Подобная философичность или мистичность видения Мира была, очевидно, чертой, характерной для всех «примитивных» народов. Во всяком случае, идея закрепления рождения, второго рождения или перерождения была характерна и для древнего ведического общества, и для Владимирщины конца девятнадцатого века, и для всех «примитивных» или «первобытных» народов, проводивших детей сквозь умирания-возрождения – инициацию. Но для того, чтобы исполнять подобные обряды, необходимо было думать не только об этой жизни, необходимо было видеть или прозревать и иные миры, миры, где нет смерти и нет страданий, где действует совсем иная механика жизни. Мне довелось столкнуться в своих этнографических поисках с людьми, которые, условно говоря, пребывали видением одновременно в нескольких мирах. Или же могли прозревать действия тонких сил, недоступных для нашего восприятия, прямо в ткани этого мира, нарушая этим базовые установки этнологов начиная с Леви-Брюля о том, что невидимые силы являются лишь коллективными представлениями, своего рода плодом воображения всего первобытного общества. Подозревать моих информаторов в сумасшествии у меня нет никаких оснований – это были очень практичные люди, могущие если и не творить чудеса, то, по крайней мере, свободно воздействовавшие и на силы и на сознание. Они до конца двадцатого века под слоем внешней христианизации несли традицию поклонения Великой Богине Матери и числили родство по материнской линии.

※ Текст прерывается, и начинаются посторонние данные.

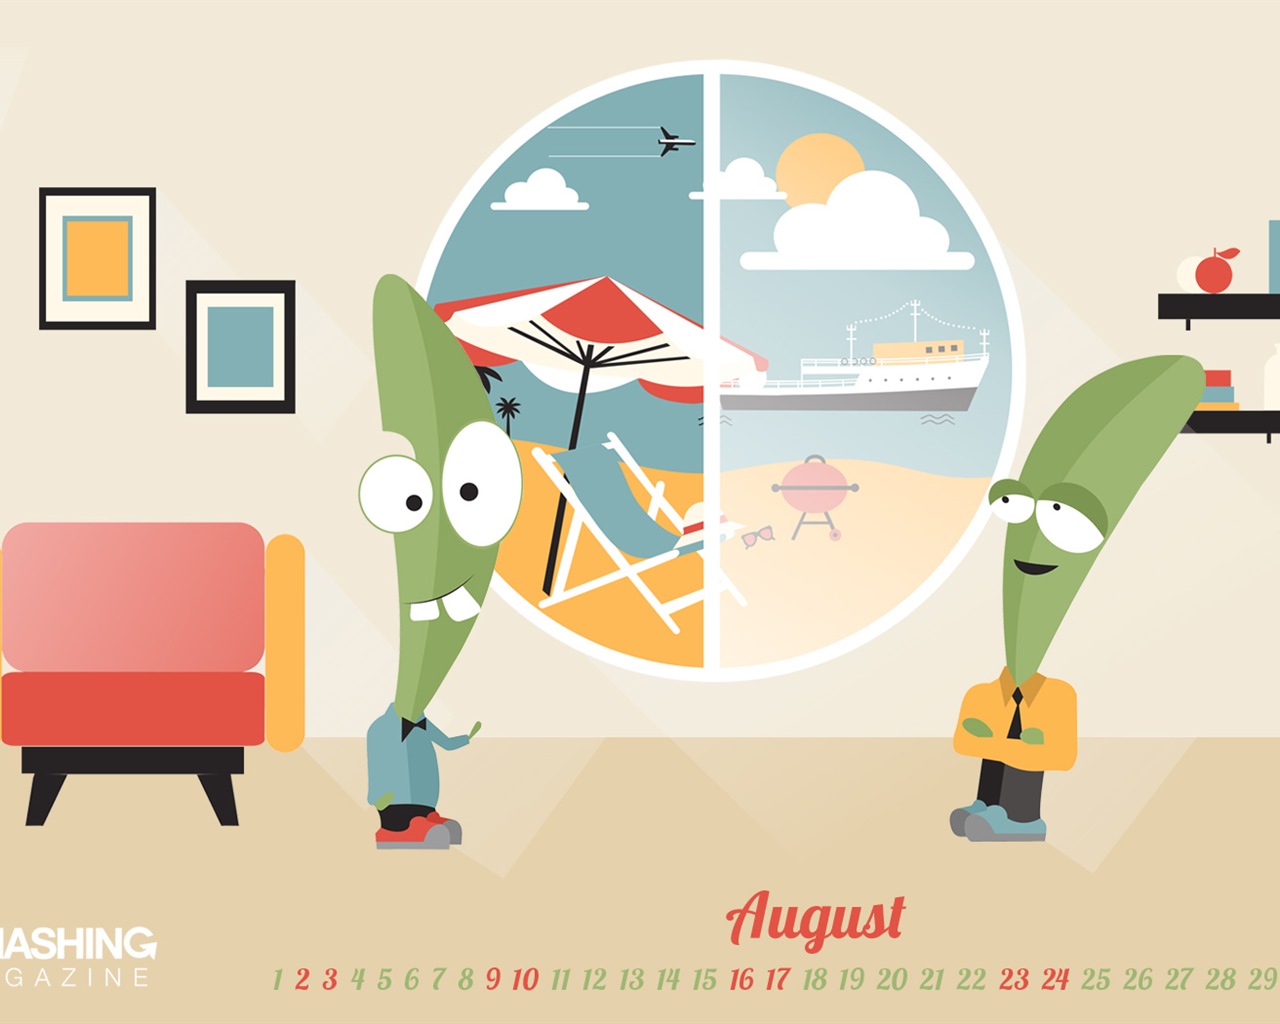 August 2014 calendar wallpaper (2) #6 - 1280x1024
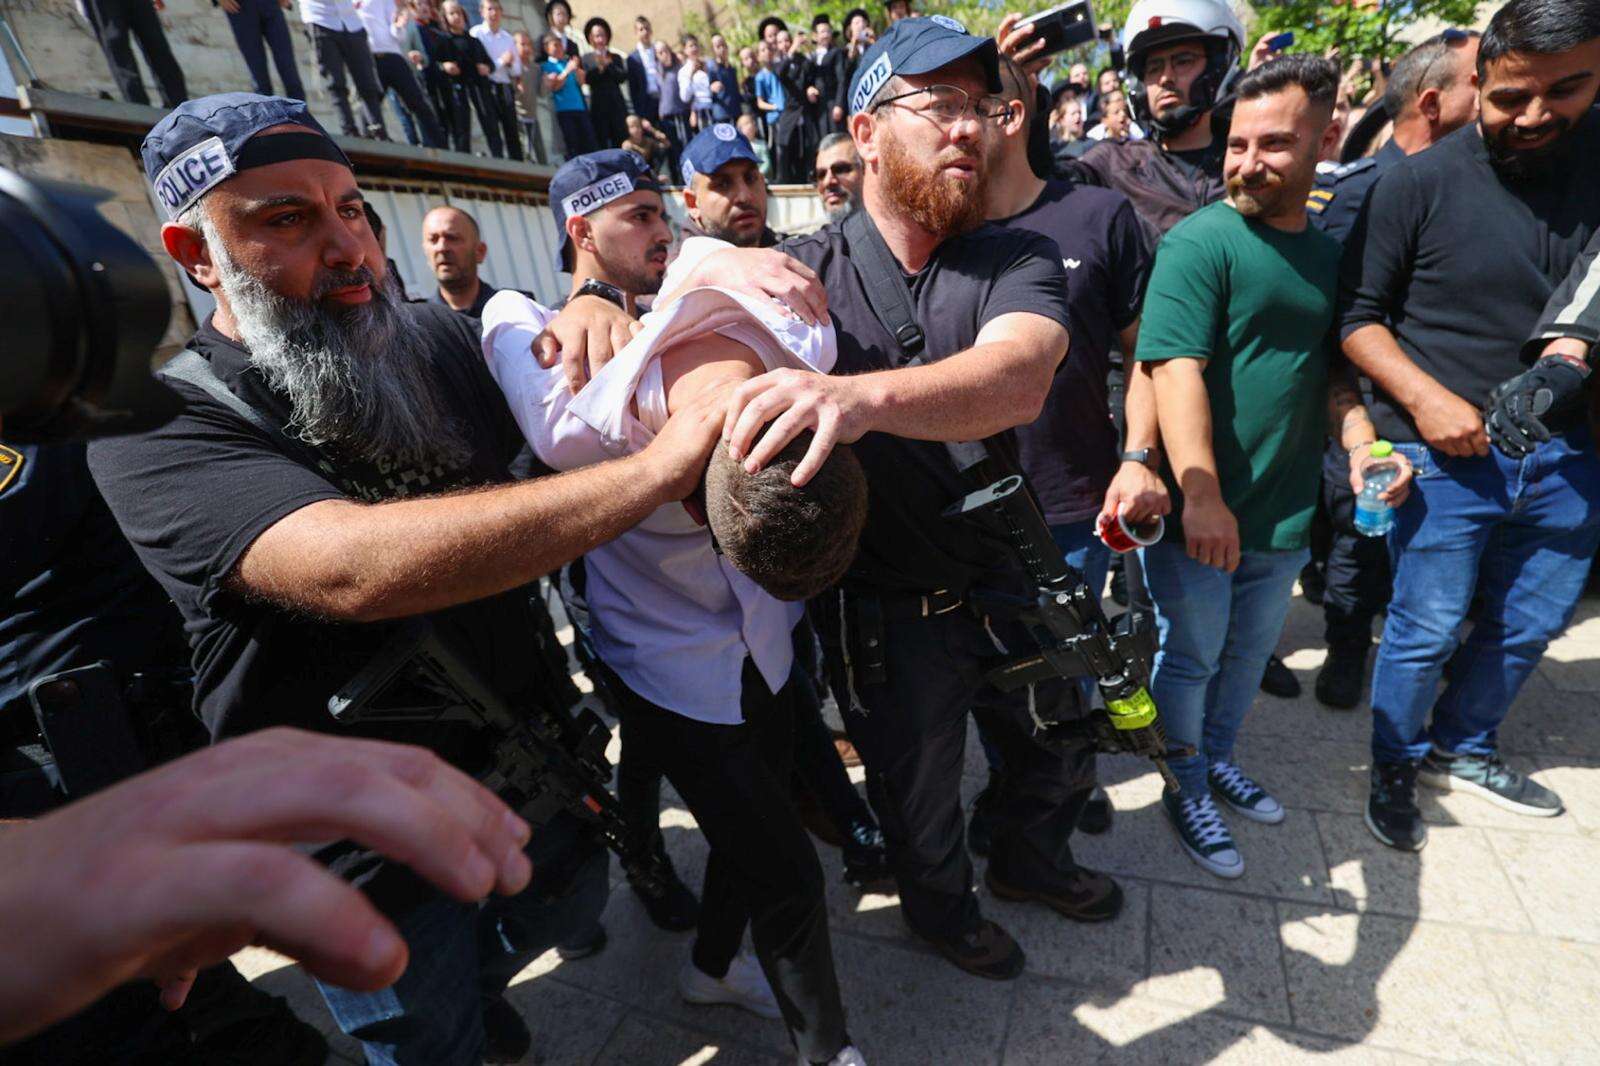 האזרח שסייע למשטרה ללכוד את המחבלים בירושלים משחזר: "ראיתי שני אנשים רצים עם הידיים על הראש"

Помнили они и практики, которые называли волхованием и которые я не могу сравнить ни с чем иным, кроме шаманизма. В общении с ними я понял, что норма психического здоровья существует и вполне нам доступна, несмотря на все сомнения психиатров. Правильнее было бы назвать ее нормой поведения. Она-то и является базой для размышлений о практической этнопсихологии. А разговор о ней начинается с типов мужского и женского поведения с точки зрения мифологического мышления.

Современный человек считает нормальным воспринимать миры как множественные, а жить в одном из них. Под мирами мы здесь будем понимать различные территории времяпрепровождения – дом, учеба, работа и т. п. Поскольку ты работаешь не на себя, работа воспринимается как «время, потраченное на дядю», что означает, что твое время наступит после работы или в отпуске. Работа – это псевдожизнь, настоящая жизнь только вне работы. Следовательно, и мир работы для современного человека – псевдомир. Так же и учеба, поскольку мы чаще всего учимся для родителей или для будущей работы. Следовательно, учеба – это подмир псевдомира для нашей психики. Дом – вообще место, откуда хочется сбежать, место, заполненное требованиями, разборками и скандалами, иными словами, это даже не псевдомир, это мир инфернальный. С этой точки зрения, мы по-настоящему живем, только вырвавшись на свободу, что бывает крайне редко. Чаще из-за общей колоссальной зажатости условиями и условностями жизни мы вместо себя выпускаем на свободу внутреннего зверя. В итоге мы просто начинаем бояться свободы из-за ее последствий.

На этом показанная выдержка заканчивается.